*Steve Johnson from London
Gulf states are in the process of achieving the second victory in their journey to becoming investment assets within the mainstream.
In June, the Morgan Stanley Composite Index announced that Saudi Arabia would join its emerging market share index next year, which measures around $ 1.5 trillion in global assets after Qatar and the UAE, which join in 2014. Kuwait is expected to enter in 2020.
Now, JPMorgan has begun consultations on the accession of the Quartet, as well as Bahrain, to its very influential group of emerging-market sovereign wealth-weighted equity indices.
"If Morgan Stanley has to go ahead with the accession of these countries, this could prove to be a major boost to the region," said Abhishek Kumar, head of emerging markets at State Street Global Advisors.
It was estimated that this move could lead to negative fund inflows of about $ 45 billion, equivalent to 30 per cent of the value of sovereign bonds in the Gulf.
It is based on $ 363 billion estimated by Morgan Stanley that it is being measured according to indicators.
"This may reduce the cost of financing and may eventually lead to increased regional growth," Kumar said.
With the exception of Oman, Gulf states have been excluded from joining JPMorgan's emerging market bond indices because their per capita GNP is above the $ 18,769 ceiling, and sometimes much higher, according to the World Bank.
To overcome this hurdle, JPMorgan proposes in its consultation document that was shown to the Financial Times to take additional action to accept countries where the price of a wide basket of goods and services is less than 60 per cent of its US price.
This measure excels the introduction of all the Gulf States, but it does not seem to mean that any other country is in the process.
"Our main concern is consistency and predictability of the rules," said Bryan Carter, head of emerging markets at BNP Paribas for Asset Management.
JPMorgan declined to speak to the Financial Times, but the US bank can indicate from the fact that most investors seem to support the proposal to include Gulf States.
Even Carter, who currently has large holdings of Gulf bonds "almost all", argues that these countries are clearly "emerging markets" and that they are currently excluded only for "technical" reasons.
Jean Dean, head of research at Ashmore Group that invests in emerging markets, welcomed the idea of adding more countries to the benchmark emerging market index, as the most diversified index is less volatile.
"Saudi bonds, for example, tend to be" a safe haven in the emerging markets, like China to some extent, because they are very different from Venezuelan bonds, for example, "he said.
The price index used by JPMorgan to justify Gulf countries' accession "holds a part of the spirit of emerging markets," Dean said.

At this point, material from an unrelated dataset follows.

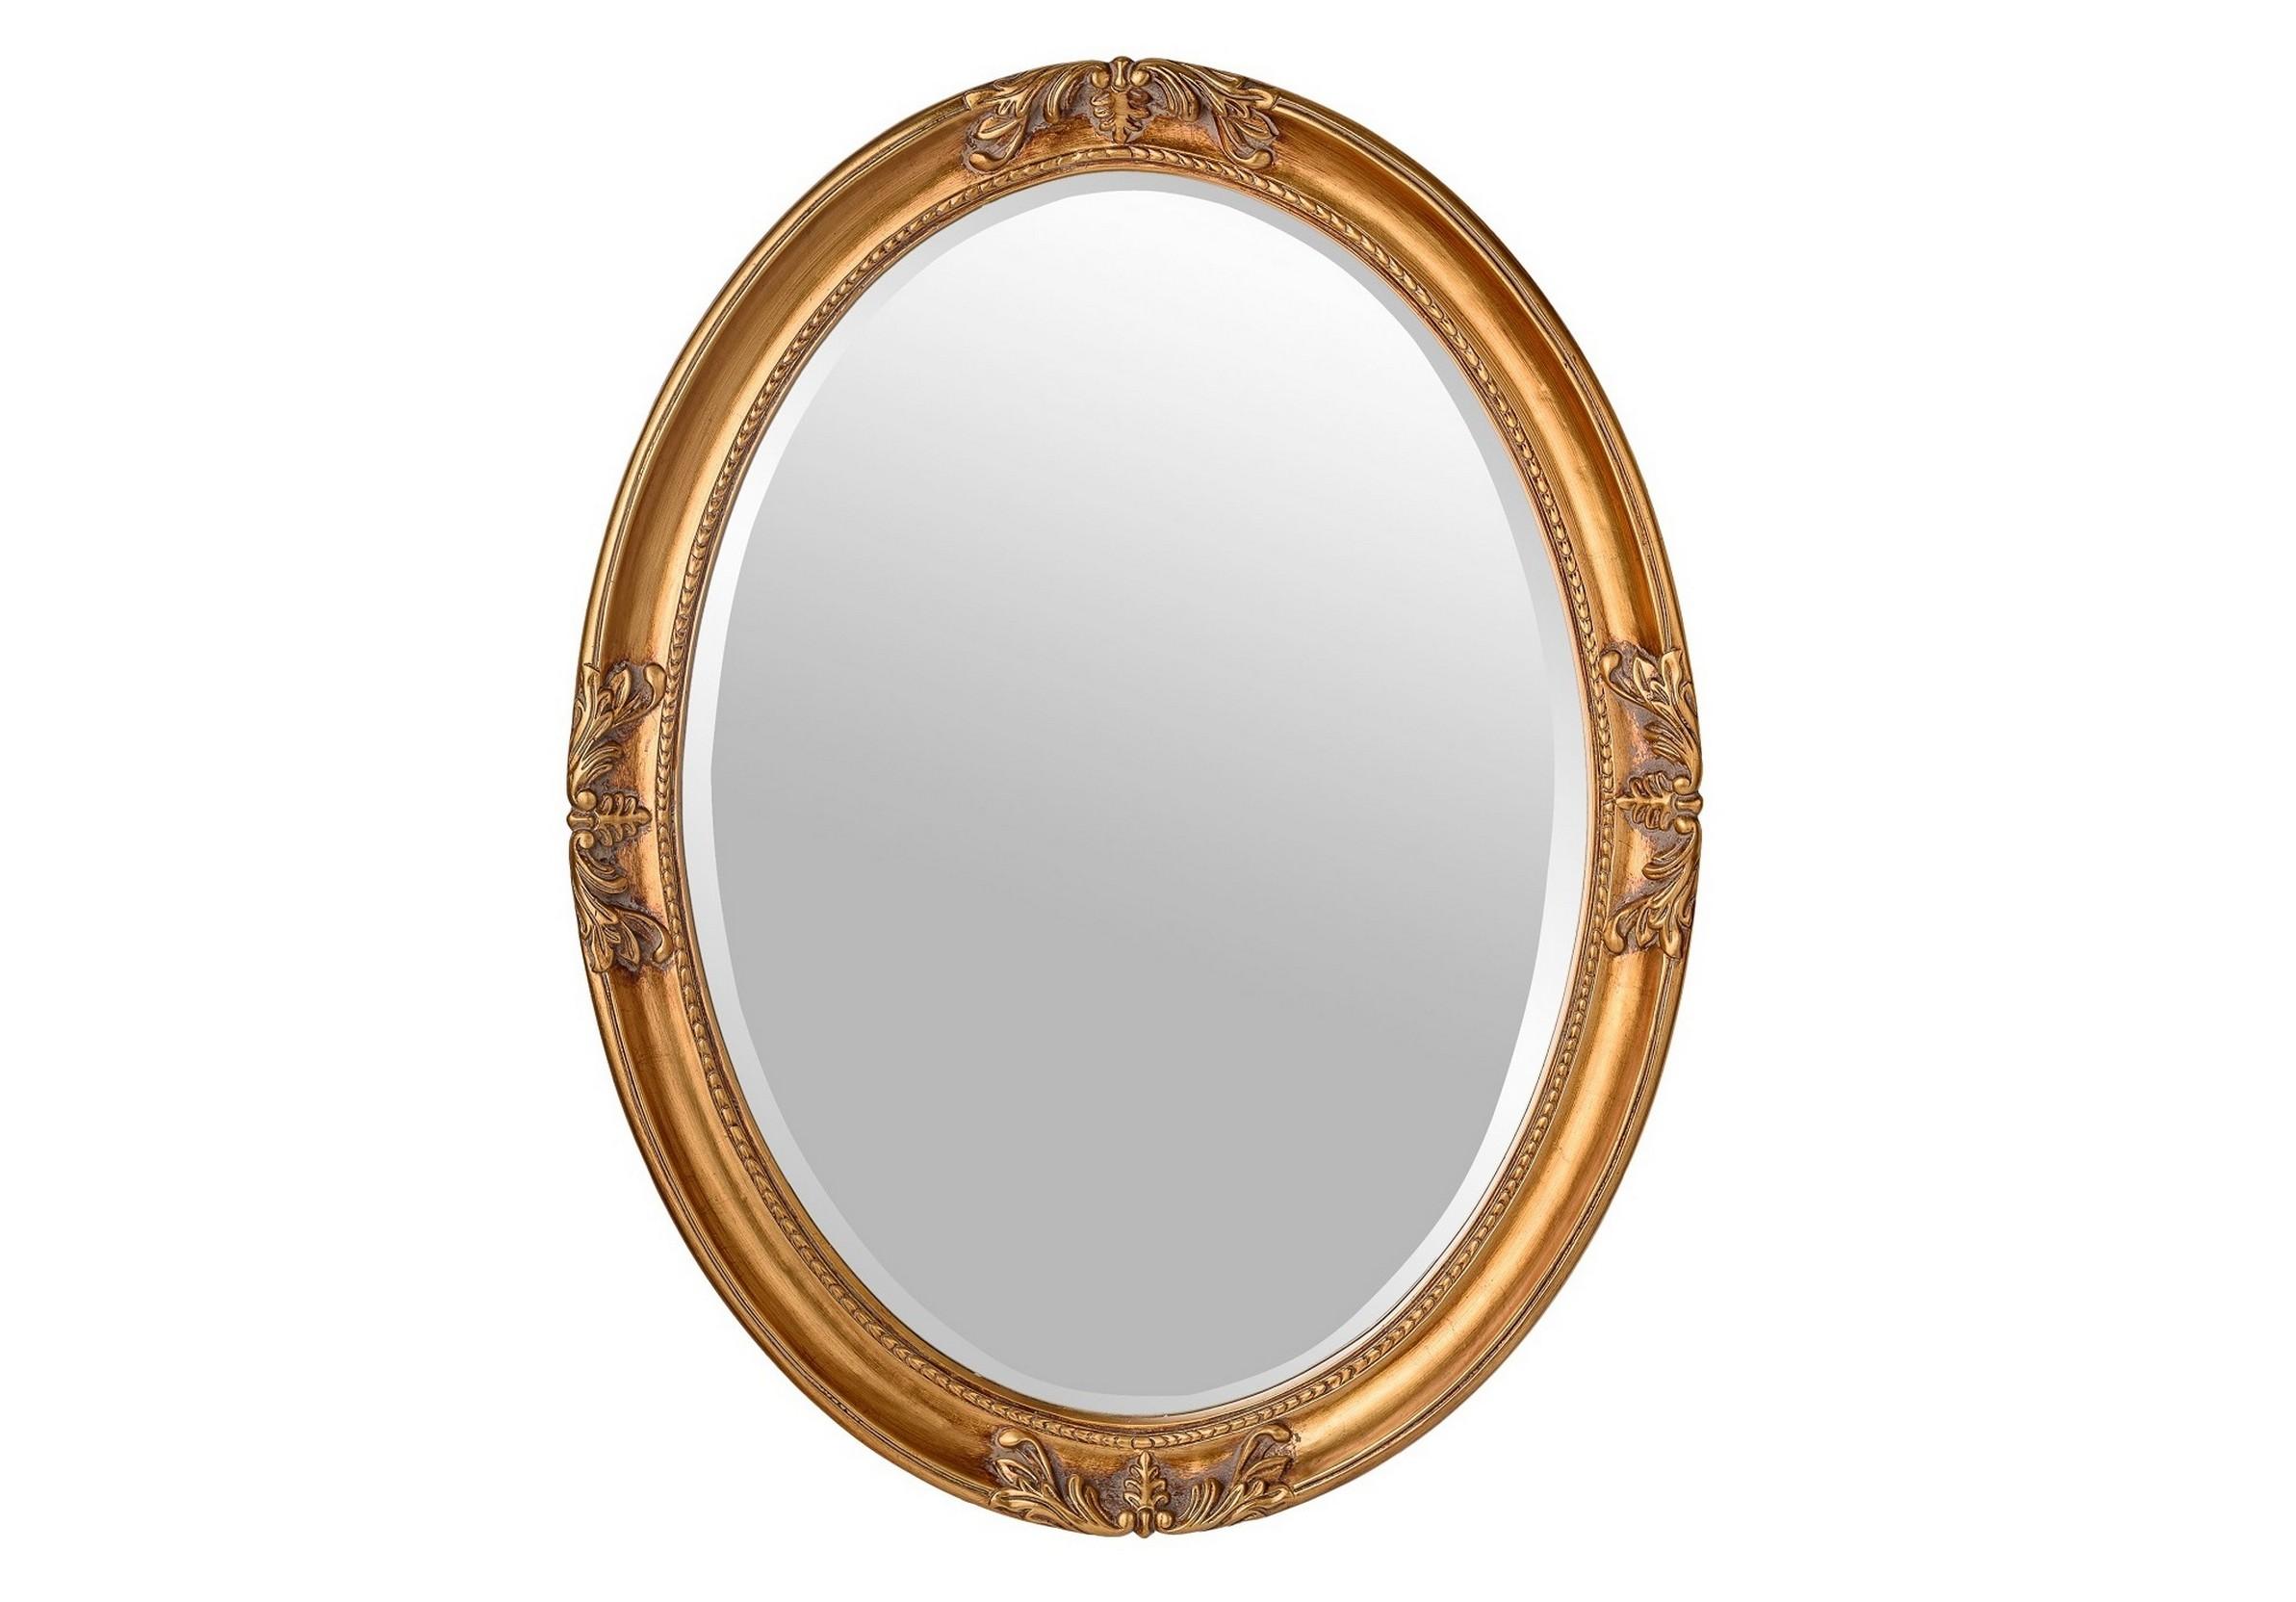 Зеркало Parigi GoldНастенные зеркала<br>Материал: Влагостойкое серебряное зеркало<br>Материал рамы: Полирезина<br>Цвет зеркала/рамы: Античное золото<br><br>Размер внешний, с рамой: 62*82 см<br>Размер зеркала без рамы: 49*68,5 см<br><br>Material: Пластик<br>Ширина см: 62.0<br>Высота см: 82.0<br>Глубина см: 5.0

"It is tied to the level of development," he said, "This gap (with price levels in the developed world) is beginning to fade with the progress of the countries."
Claudia Calik, Emerging Markets Securities Manager at M & G Investments, noted that some Gulf countries have "amazing entry levels, but that does not necessarily mean from the market point of view that they are developed countries."
"From a business perspective, most emerging market investors are looking for those countries anyway, they are countries being removed from emerging market offices, so that's certainly reasonable," she said.
The inclusion of the Gulf States will have a significant impact. According to the consultation document, the five potential candidates are likely to have a total weight of 12.3 per cent in JPMorgan's hard-currency sovereign debt universe.
This is much higher than the current level enjoyed by Mexico, the only larger country in the index, with a weight of 5.1 per cent.
This would raise the weight of the Middle East region threefold, from 6 per cent to 18 per cent in the index, which is higher than that of Asia (17 per cent) and Africa (11 per cent), but less than Latin America (32 per cent) and Europe (22 per cent).
According to Calik, from M & G Investments, the proposed relative weight of 18 per cent will probably rise more in the coming years because the Gulf states account for about 25-30 per cent of the total issuance of sovereign bonds in hard currency in emerging markets since 2016.
"On the basis of the movement in the next phase, given the financial deficits, you will see a large amount of issuances over the next few years, so the relative weight of these countries will rise," she said.
"This makes the index more closely linked to the price of oil, considering that we have originally Russia, Mexico, Malaysia and a number of smaller African oil producing countries," she added.
A decision is expected in the third quarter, but Dean says, "From my point of view, the issue is over."